The Gradio app runs locally and provides a live interface for webcam and microphone input.

### Robot companion

In a separate terminal, run the robot simulation:

```bash
cd Stride_bot-main
python bot_walk.py
```

The robot reads the current emotion from `emotion_state.json` and changes gait accordingly.

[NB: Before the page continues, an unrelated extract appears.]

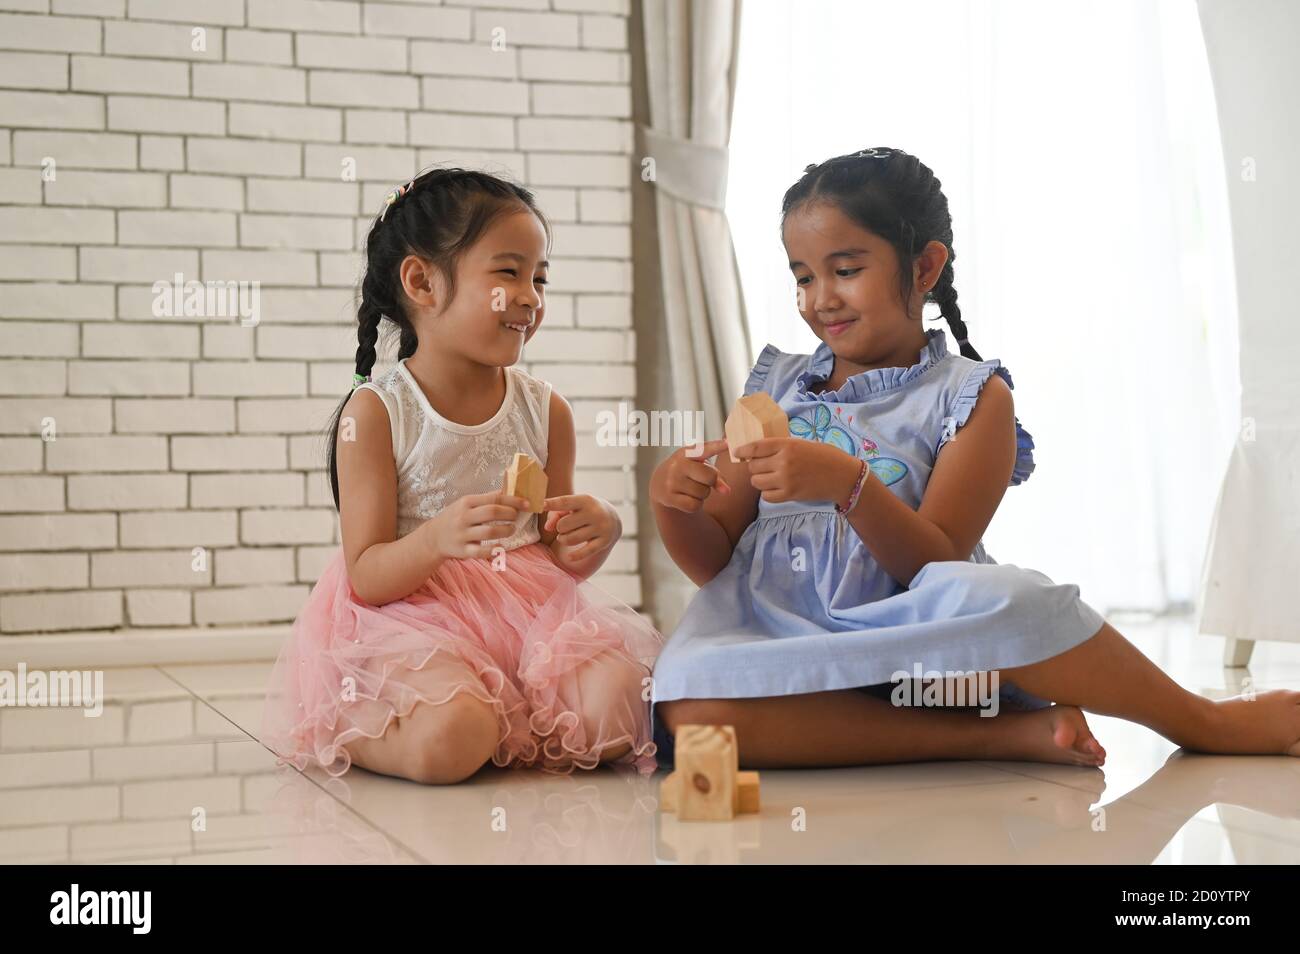 Two children with toy blocks at home or daycare. Stock Photo

### ROS 2 / Gazebo behaviour stack

If you are using the ROS 2 integration variant, start the simulator and behaviour nodes in separate terminals:

```bash
source /opt/ros/humble/setup.bash
source ~/ros2_ws/install/setup.bash

ros2 launch go2_config gazebo.launch.py
ros2 launch go2_behaviour emotion_motion.launch.py
```

You can also dispatch manual commands from the CLI:

```bash
ros2 run go2_behaviour behaviour_commander --action move --value 3.0 --emotion happy
ros2 run go2_behaviour behaviour_commander --action turn --value 90.0 --emotion angry
ros2 run go2_behaviour behaviour_commander --action move --value 1.5 --emotion sad
```

---

## Robot Integration

The robot side of ERIS is designed to turn emotion into visible motion rather than a simple preset animation.

### Behaviour mapping
- **Happy**: energetic, bouncy, prancing gait
- **Sad**: slower movement with a hunched posture
- **Angry**: faster, more forceful motion with sharper turns
- **Neutral**: stable, calm baseline locomotion

### Motion design
- Smooth interpolation between emotion states
- Safe posture updates to avoid inverse kinematics instability
- Dynamic adjustment of gait parameters such as stance duration and swing height
- Heading correction using ground-truth odometry in the ROS 2 variant

### Bridge between app and robot
The multimodal app can publish the current emotion state directly to the robot control layer, allowing the perception pipeline and the robot behaviour pipeline to operate as one connected system.

---

## Model Notes

The multimodal network uses:

- **WavLM-Base+** for speech emotion features
- **ViT-Face-Expression** for facial emotion features
- **Temporal pooling / transformer-based aggregation** for sequence-level video understanding
- **Learned gated fusion** to balance audio and video on a per-sample basis
- **Final classifier** to predict the emotion label

This design makes the model more robust than using either modality alone.

---

## Acknowledgements

- **WavLM-Base+** for speech feature extraction
- **ViT-Face-Expression** for facial emotion classification
- **Groq / Llama 3.1 8B** for low-latency empathetic response generation
- **MediaPipe** for face detection
- **Stride Bot** for the quadruped simulation and gait framework
- **ROS 2**, **Gazebo Fortress**, and **CHAMP** for the embodied robotics pipeline

---

## License

This project contains components derived from the Stride Bot quadruped simulation, which retains its original GPL-3.0 licence in `Stride_bot-main/LICENSE`. Any additional project code should be licensed according to your repository policy.

---

## Summary

ERIS is a real-time emotion-aware interaction system that combines speech and facial emotion recognition, learned multimodal fusion, contextual LLM responses, and emotion-driven quadruped motion into a single integrated pipeline.